CNI: Networking in Kubernetes
The Overlay Architecture of Containers
The Pod-to-Pod Mandate
In Kubernetes, every Pod gets its own unique IP address. The fundamental networking requirement is that any Pod must be able to communicate with any other Pod on any Node without using Network Address Translation (NAT). This 'flat network' model is deceptively simple to state but complex to implement across physical servers spanning multiple subnets and data centers.
The challenge is that the underlying physical infrastructure was never designed for this requirement. A typical data center uses a traditional routed or VLAN-based network where VMs have one IP per host, and routing between subnets requires explicit configuration. Kubernetes needs to transparently overlay a virtual pod network on top of this existing physical fabric.
How CNI Works
When a Pod is created, the Kubernetes agent (Kubelet) calls a CNI Plugin. The plugin is a binary executable that speaks the CNI specification — a simple JSON API. The plugin is responsible for:
- Assigning an IP address to the Pod from a pre-allocated CIDR block (e.g.,
10.244.0.0/16). - Creating a virtual ethernet pair (veth): one end lives inside the Pod's network namespace, the other on the host node.

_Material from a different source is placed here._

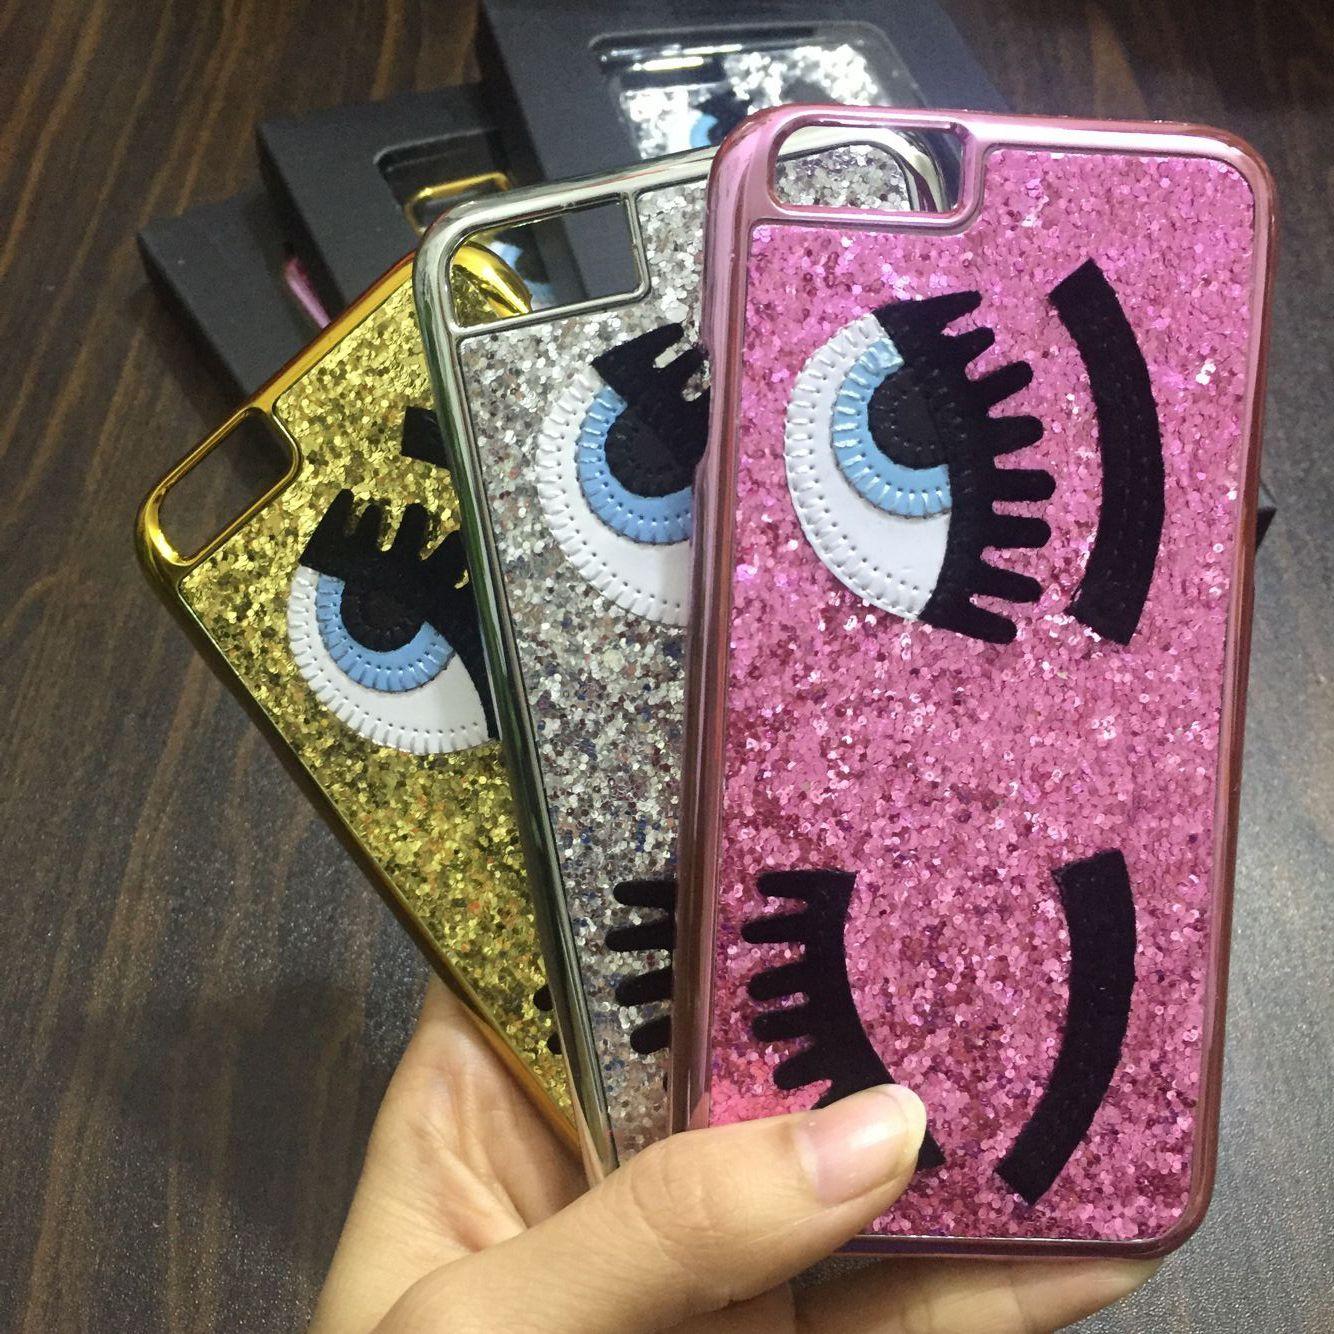 best website 9f0a5 6fc5b Glitter powder fashion chiara ferragni Bling big eyes eyelashes PC Plating  back Cover phone Cases for iPhone x 8 7 6 6S Plus

- Updating the routing table on the host node so traffic destined for this Pod's IP routes to its veth interface.
- Establishing the tunnel (if using an overlay) to other nodes so cross-node Pod traffic can be forwarded.

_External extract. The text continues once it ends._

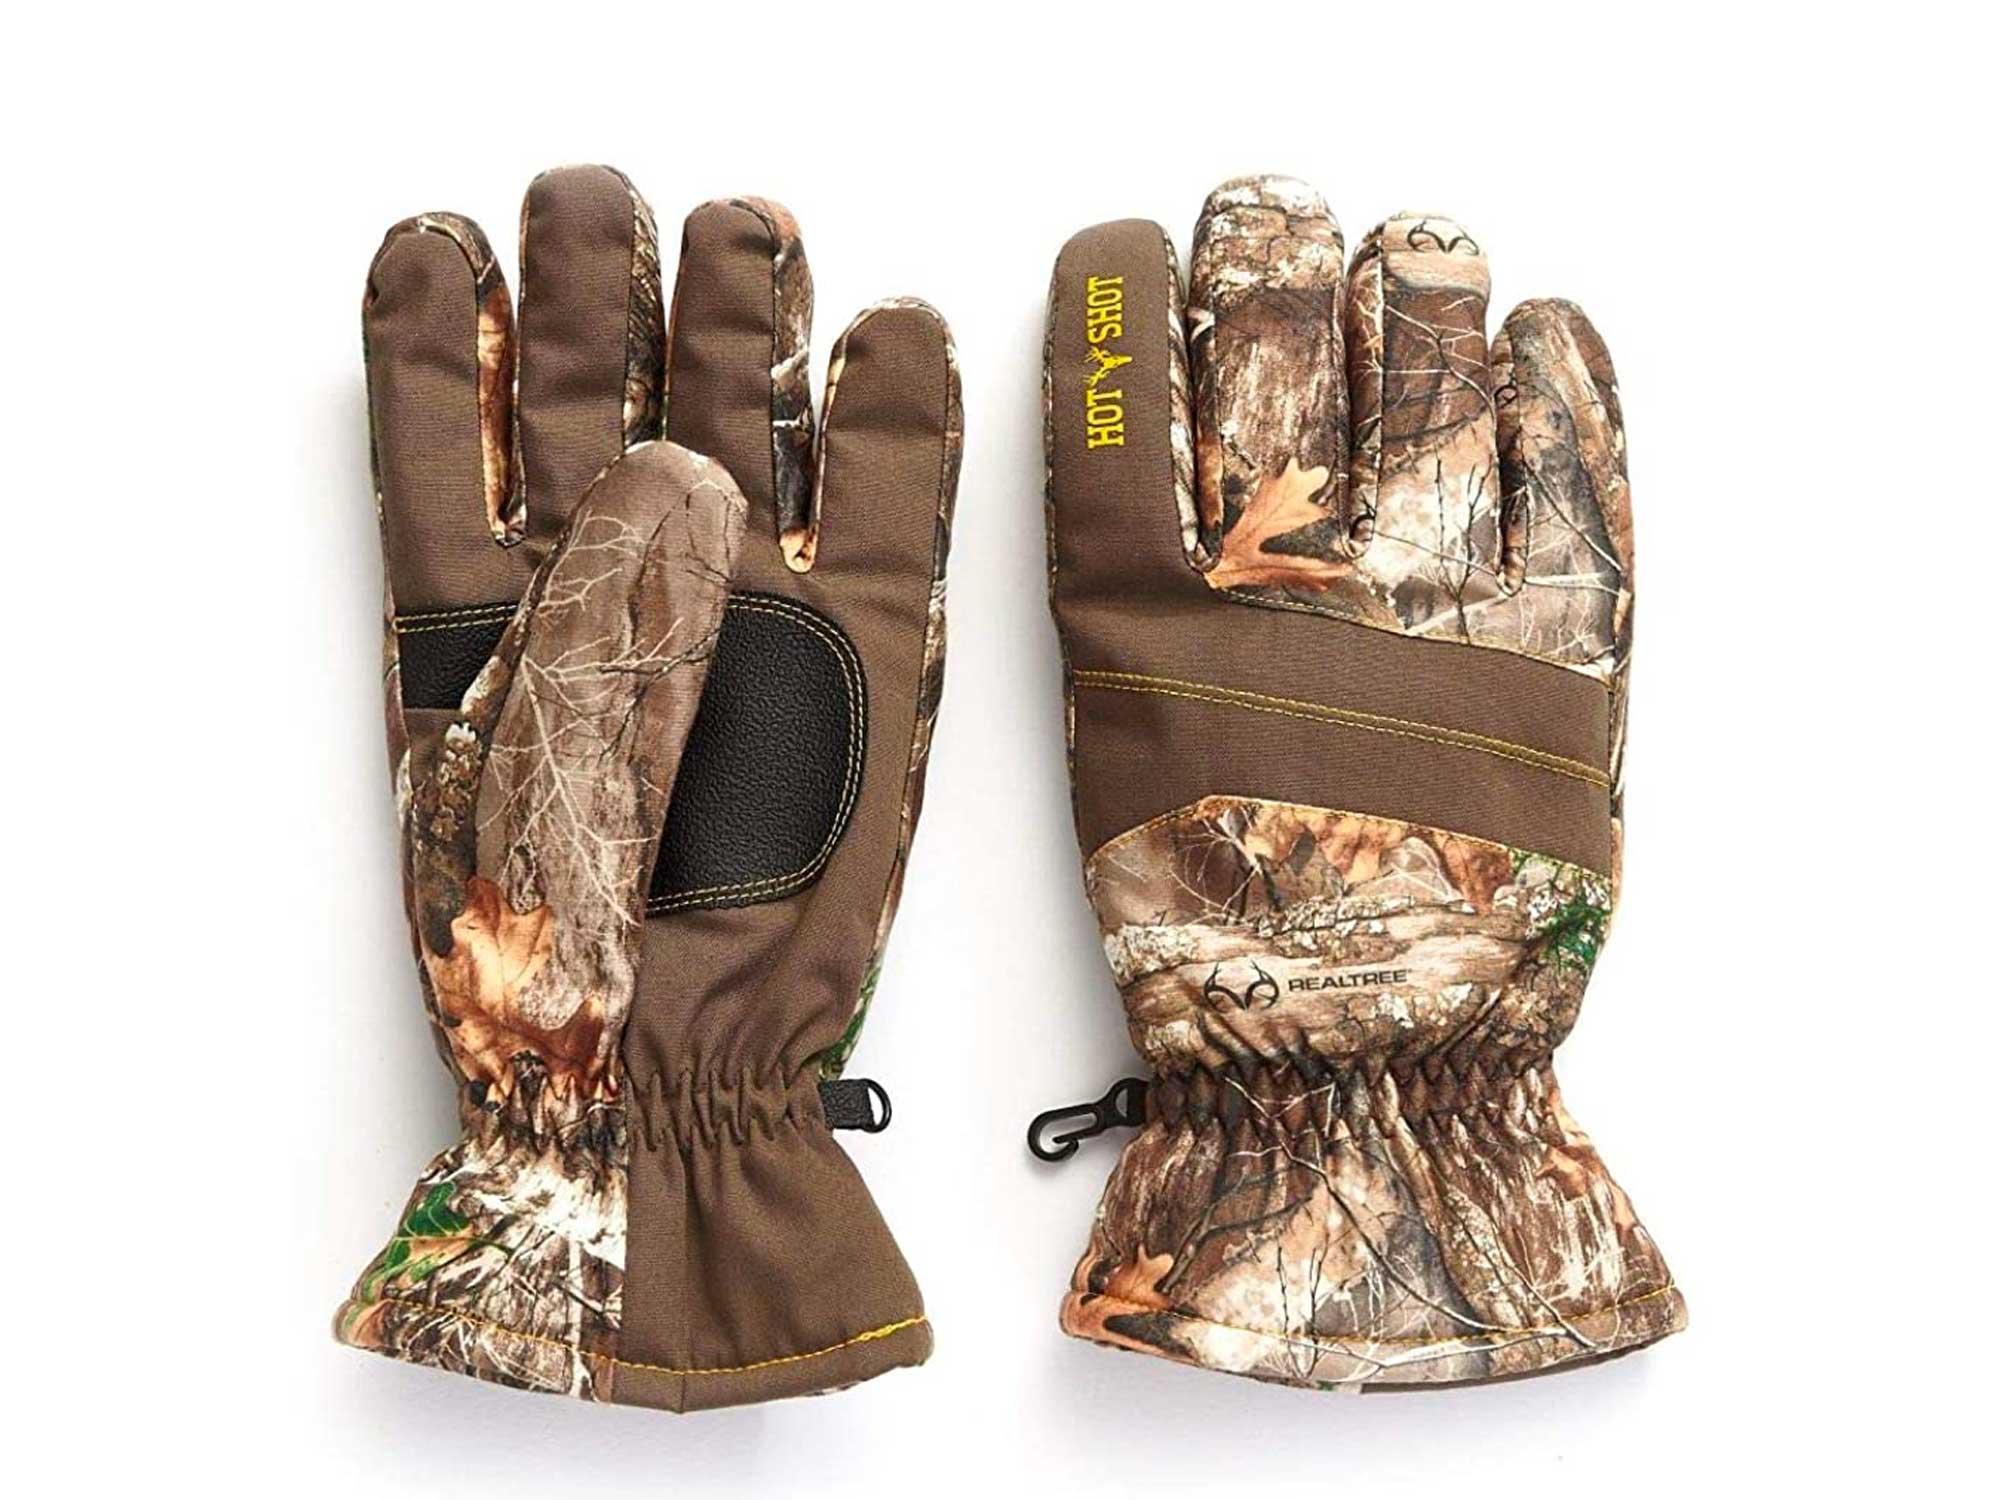 Hot Shot hunting gloves

- Programming any NetworkPolicy rules (IPtables or eBPF maps) that restrict traffic based on pod labels.
Pod Networking Visualizer
CNI Data Plane & Encapsulation Logic
veth pairs.Service Networking & Kube-Proxy
Pods are ephemeral — they die and restart with new IPs constantly. We use Services to provide a stable virtual IP (ClusterIP) that persists regardless of which Pod instances are running behind it. The magic of mapping a Service IP to a set of Pod IPs happens via Kube-Proxy, which runs on every node and installs IPtables or IPVS rules that perform load-balanced DNAT (Destination NAT) when traffic hits the Service ClusterIP.

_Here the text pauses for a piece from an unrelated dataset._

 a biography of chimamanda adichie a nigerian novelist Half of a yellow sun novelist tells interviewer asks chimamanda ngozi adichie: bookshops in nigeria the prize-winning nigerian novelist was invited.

The MTU Tax: A Hidden Performance Trap
When using overlay encapsulation (VXLAN), every packet gains an additional header: 8 bytes VXLAN, 8 bytes UDP, 20 bytes IP, 14 bytes Ethernet = 50 bytes of overhead per packet. On a standard 1500-byte MTU network, this leaves only 1450 bytes for actual pod payload. If the Pod MTU is not explicitly reduced to 1450, the physical host will receive 1500-byte packets that now exceed the physical MTU after encapsulation, causing silent packet fragmentation.
Conclusion
Kubernetes networking is the ultimate abstraction layer. It hides the complexity of physical routing from the application developer, but it requires the platform engineer to deeply understand the tunnels, veth interfaces, IPtables chains, and eBPF maps that make that abstraction possible. The evolution from Flannel to Calico to Cilium mirrors the broader industry shift from rule-based kernel networking to programmable, kernel-native data planes — a shift that will define cloud-native infrastructure for the next decade.